Moving on to Ahearn’s claim for monetary damages under the FDUTPA, the Court noted that § 501.211(2) of the Act entitles an aggrieved party who has “suffered a loss as a result of a violation of this part” to recover “actual damages, plus attorney’s fees and court costs.” Reasoning that Ahearn’s entitlement to actual damages was satisfied by the waiver of his balance and similarly since the Mayo Clinic agreed to pay attorney’s fees and costs, the Court agreed with the trial court that his claims were mooted in this regard and thus Ahearn lacked standing on behalf of a class.
FDUTPA Claim for Injunctive and Declaratory Relief Survive
The Court found that Ahearn continued to have a claim for declaratory and injunctive relief under § 501.211(1) of the FDUTPA. This section provides that “without regard to any other remedy or relief to which a person is entitled, anyone aggrieved by a violation of this part may bring an action to obtain a declaratory judgment that an act or practice violates this part and to enjoin a person who has violated, is violating, or is otherwise likely to violate this part.”
The Mayo Clinic argued that Ahearn was not “aggrieved” as required by this section because having waived the balance and agreed to pay his attorney’s fees and costs, Ahearn had suffered no loss and had no actual damages.
The Court disagreed.
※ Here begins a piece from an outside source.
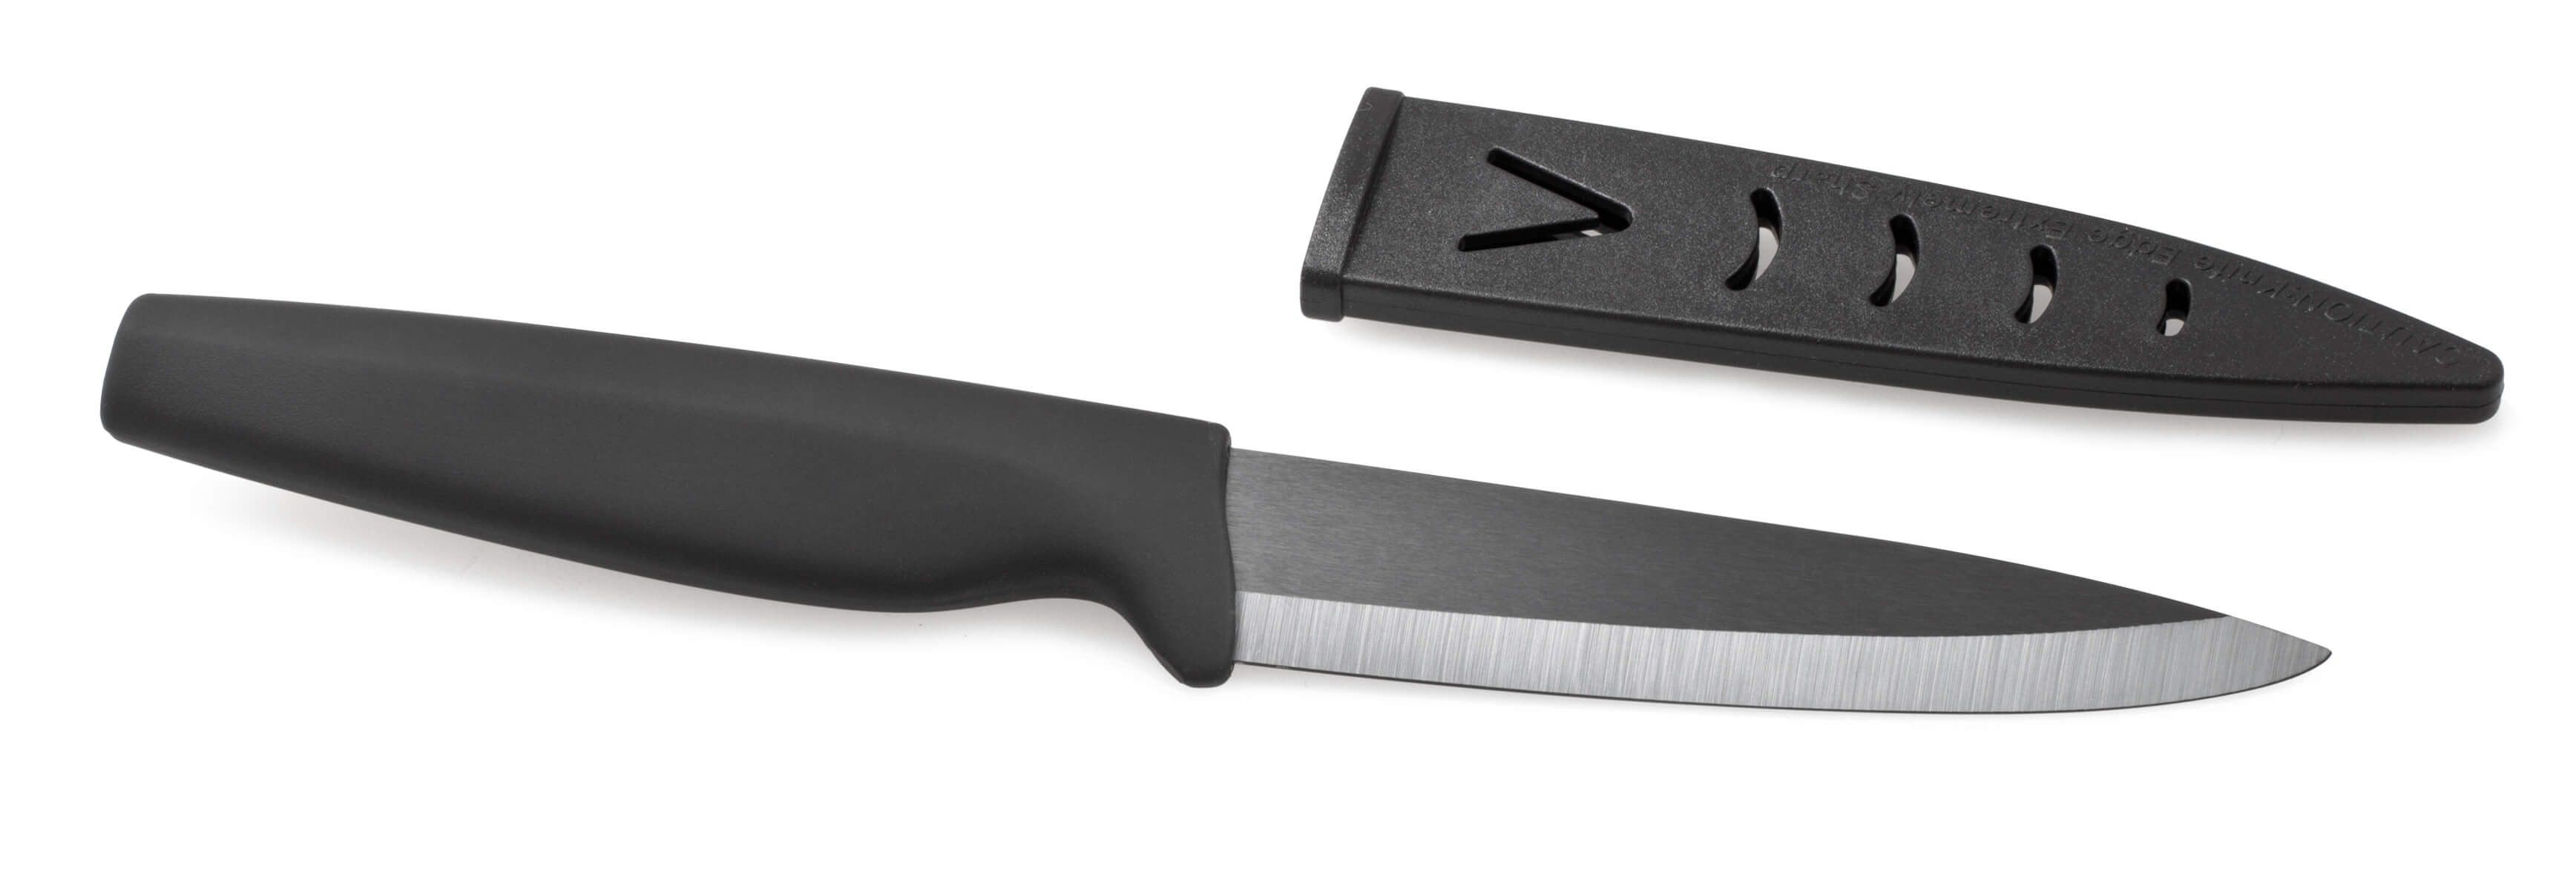 Ceramic knife small - 10,2cm

The term “aggrieved,” the Court reasoned, indicated an intentional legislative distinction and it would not read it as the equivalent of having “suffered a loss.” The Appeals Court, citing its prior decision in Davis v. Powertel, Inc., 776 So. 2d 971, 975 (Fla. 1st DCA 2000), reasoned that Ahearn may pursue his claims as “an aggrieved party” even if the relief would only be to protect “consumers who have not yet been harmed by the unlawful trade practice.” In concluding that a party is not required to have suffered “actual damages” to obtain FDUTPA injunctive relief the Court pointed out that for someone to be aggrieved under the FDUTPA “the injury claimed to have been suffered cannot be merely speculative.” The Court further determined that due to the language of § 501.211(1) governing declaratory and injunctive relief, the offending conduct need not be continuing to create a cause of action, rather there must be a demonstration of a specific past, present or future grievance.
While Ahearn’s individual and putative class claims for FDUTPA injunctive relief remained viable, the issue of whether Ahearn had been “aggrieved” was not resolved. The Court sent this question back to the trial court.
Dissent Says Opinion Goes Too Far
The dissent disagreed that for one to be”aggrieved” and entitled to FDUTPA injunctive relief, a person must suffer some damage, even if it was not an out-of-pocket, actual loss. The distinction between “suffered a loss” and “aggrieved” simply allows persons who have no out-of-pocket, actual damage to seek an injunction where they have still suffered consequential damages, damages from loss of value or “stigma damages” which while still a damage, cannot be recovered as a monetary award under the FDUTPA.
The majority decision goes too far, the dissent argued, because it allows FDUTPA claims to proceed where no damages or loss can be identified and “need not demonstrate that they have been adversely affected or harmed.”